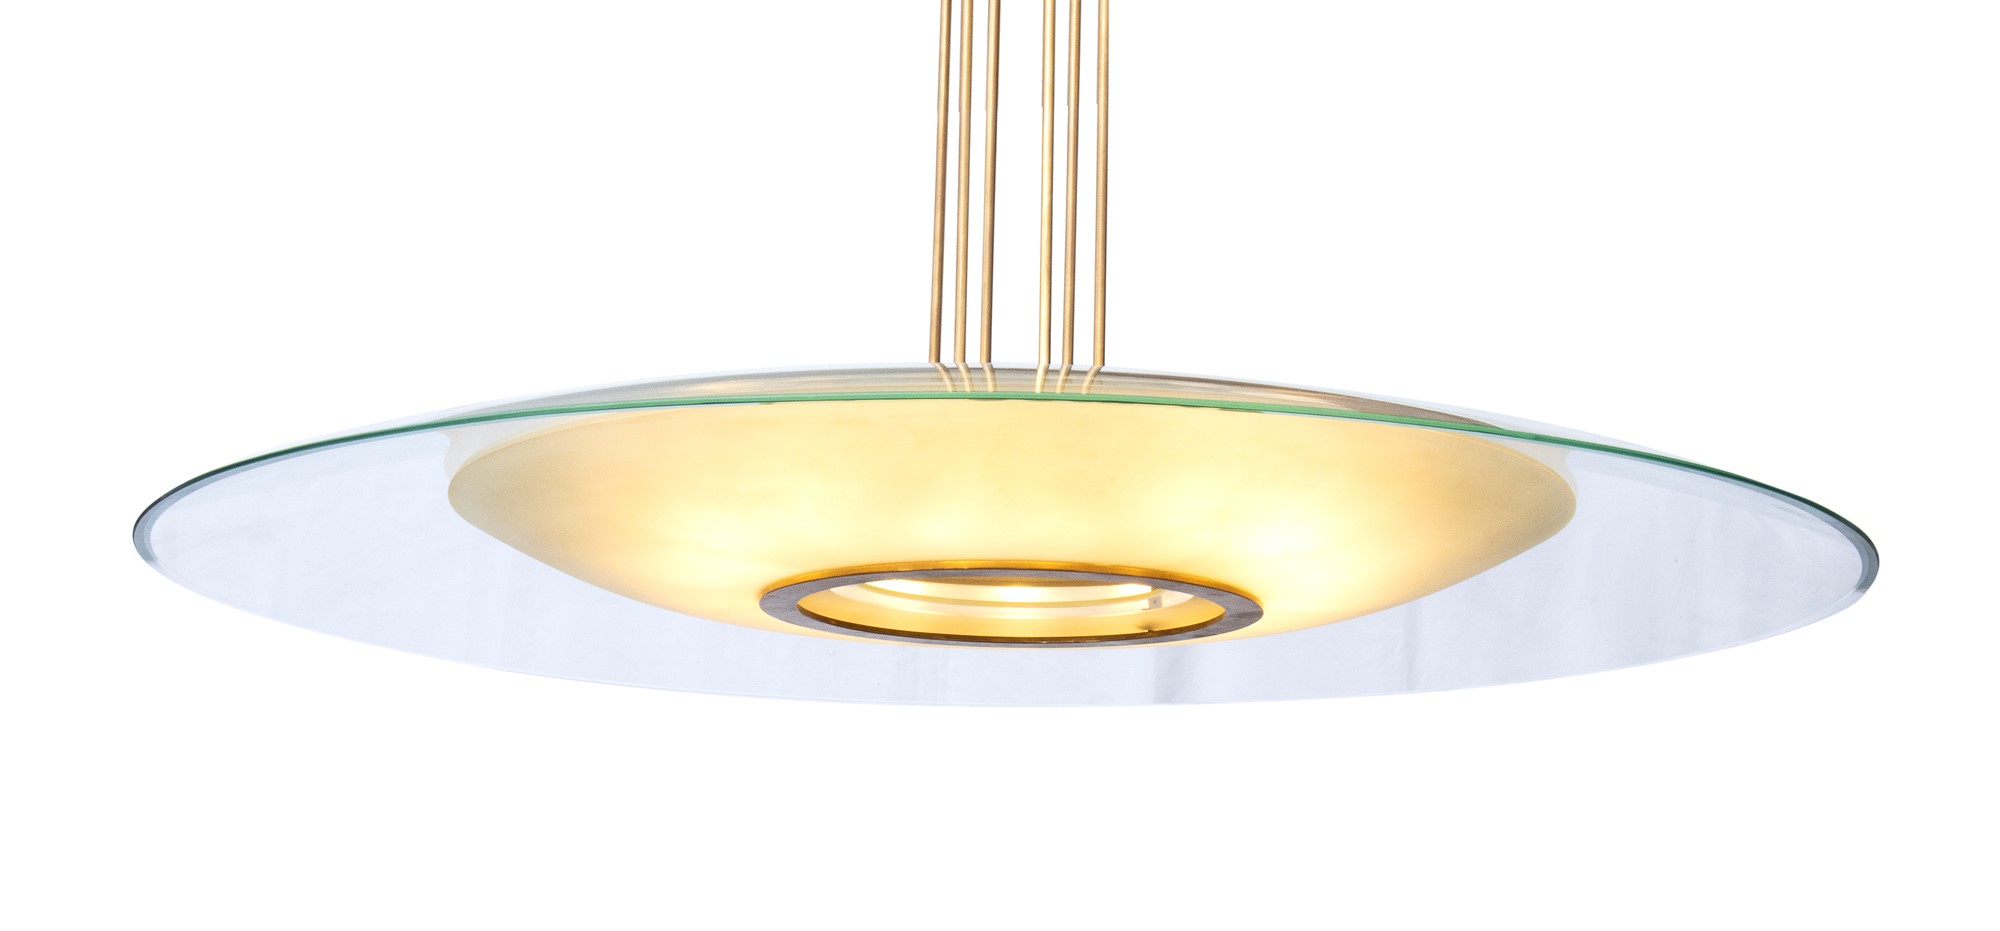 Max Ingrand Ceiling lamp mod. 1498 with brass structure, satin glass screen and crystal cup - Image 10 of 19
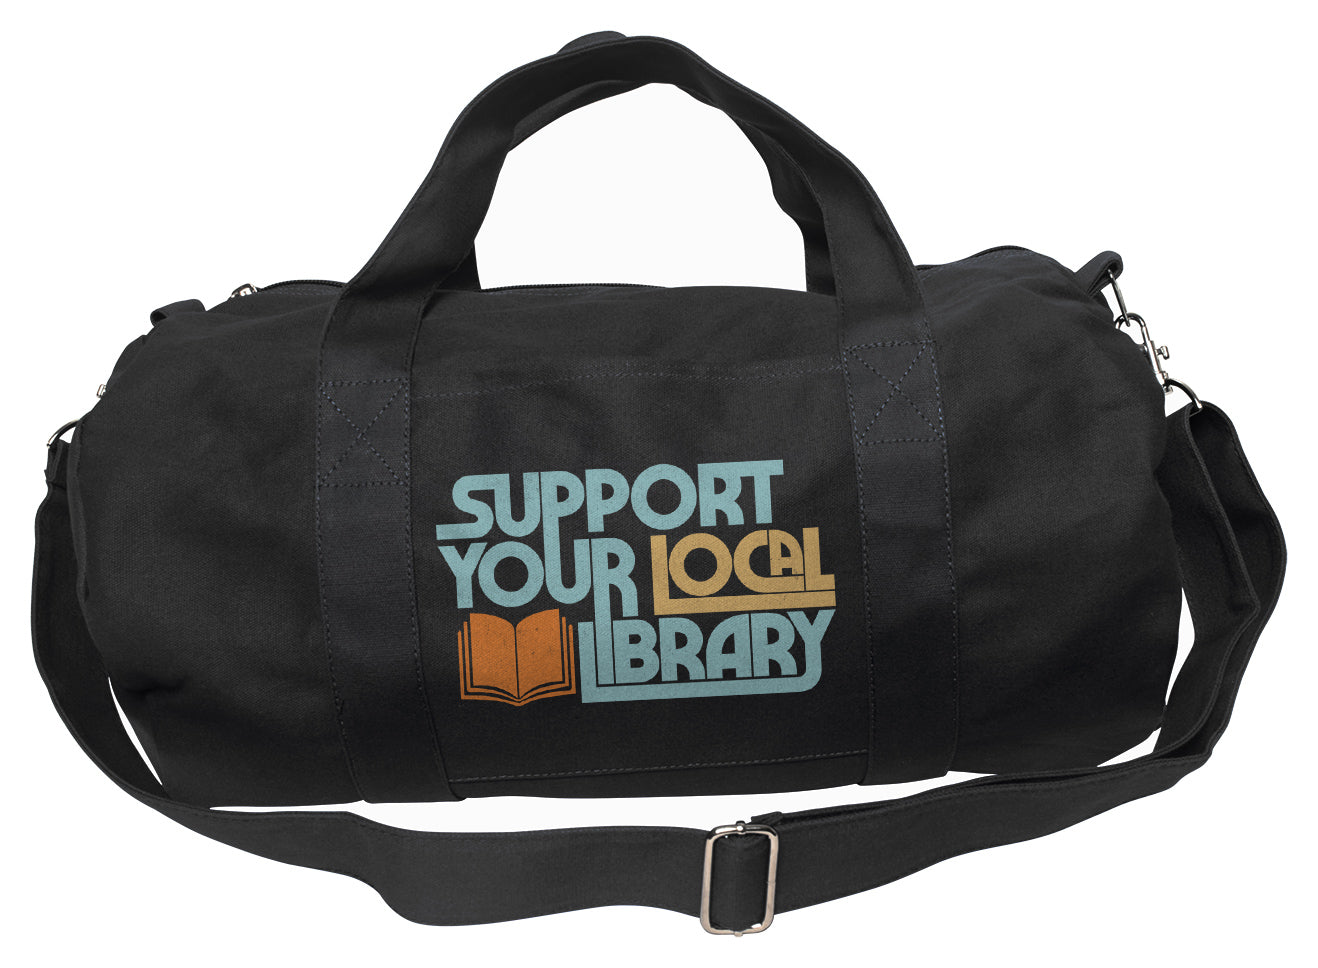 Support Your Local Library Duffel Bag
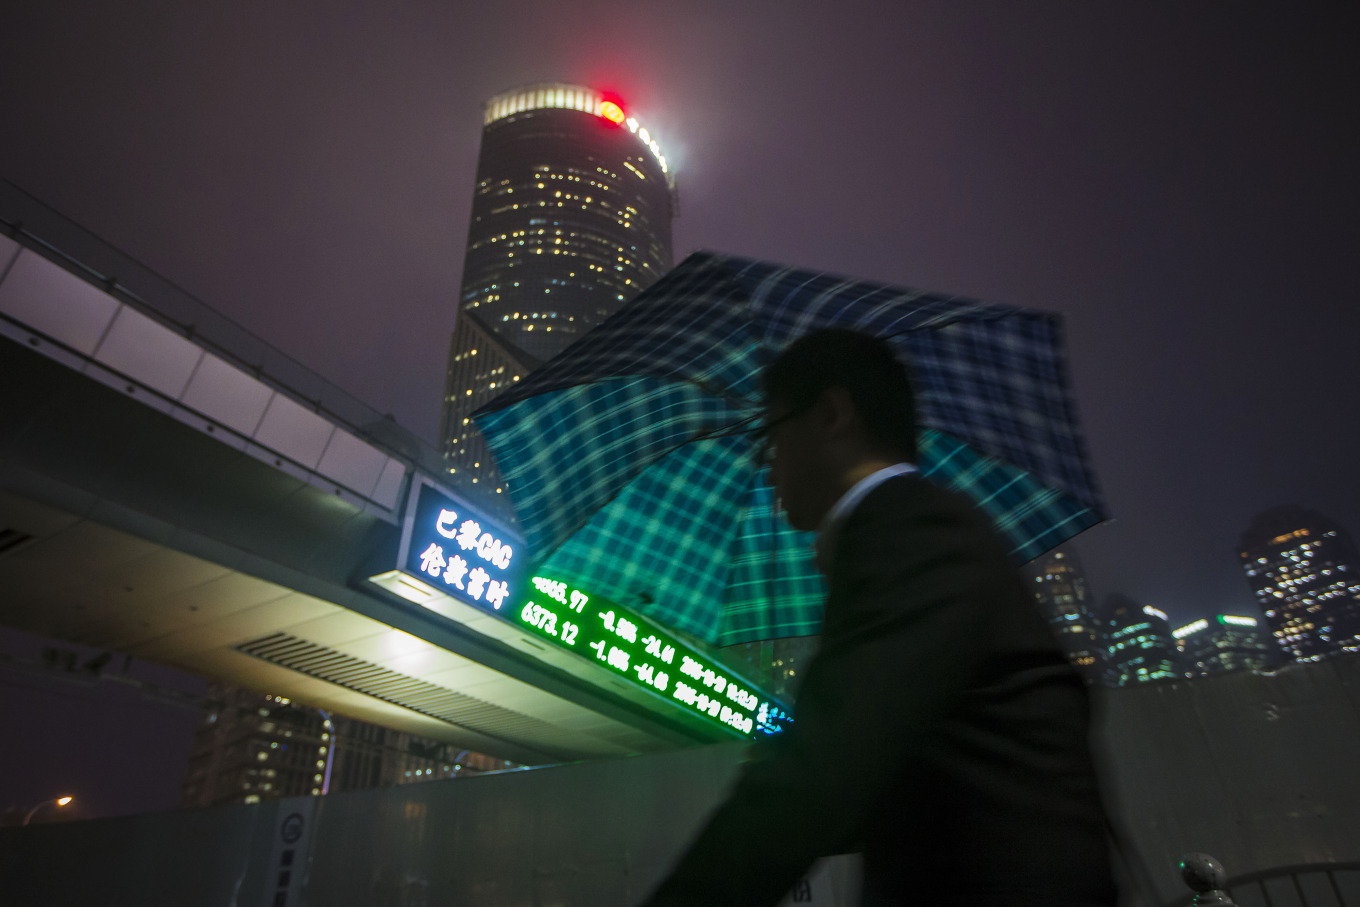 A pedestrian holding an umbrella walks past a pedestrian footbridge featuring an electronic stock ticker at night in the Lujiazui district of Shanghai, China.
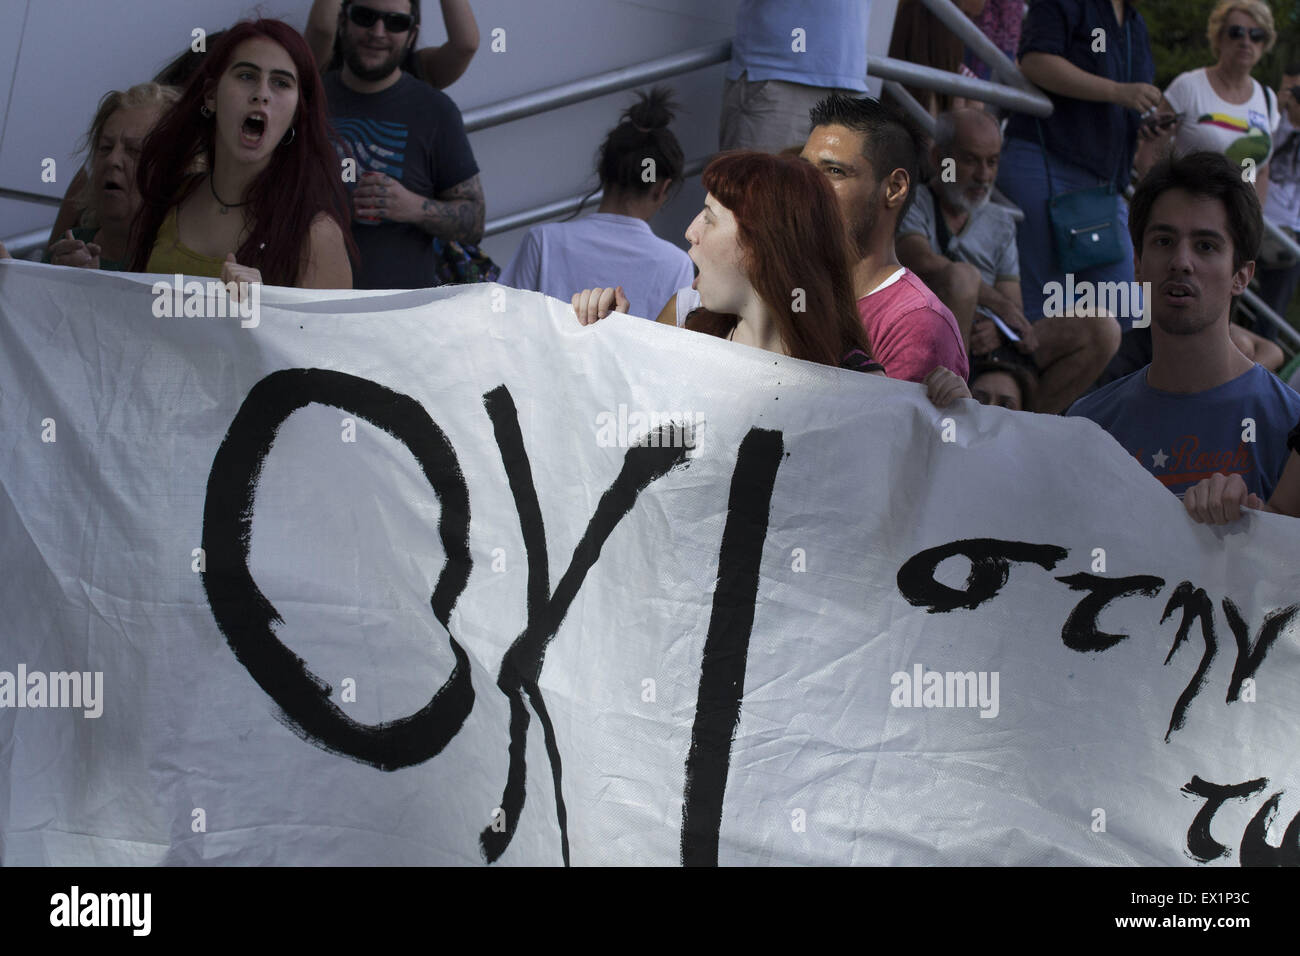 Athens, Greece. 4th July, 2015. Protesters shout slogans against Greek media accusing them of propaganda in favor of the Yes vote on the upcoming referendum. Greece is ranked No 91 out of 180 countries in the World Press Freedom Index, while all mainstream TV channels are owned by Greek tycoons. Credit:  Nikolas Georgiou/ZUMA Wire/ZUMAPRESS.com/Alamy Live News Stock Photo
**********
* **Task statement**:
Take the line containing "A pedestrian holding" and every line after it up to the end of the data, and write them out exactly, without the pictures.

* **Output of the task**:
 A pedestrian holding an umbrella walks past a pedestrian footbridge featuring an electronic stock ticker at night in the Lujiazui district of Shanghai, China.
 Athens, Greece. 4th July, 2015. Protesters shout slogans against Greek media accusing them of propaganda in favor of the Yes vote on the upcoming referendum. Greece is ranked No 91 out of 180 countries in the World Press Freedom Index, while all mainstream TV channels are owned by Greek tycoons. Credit:  Nikolas Georgiou/ZUMA Wire/ZUMAPRESS.com/Alamy Live News Stock Photo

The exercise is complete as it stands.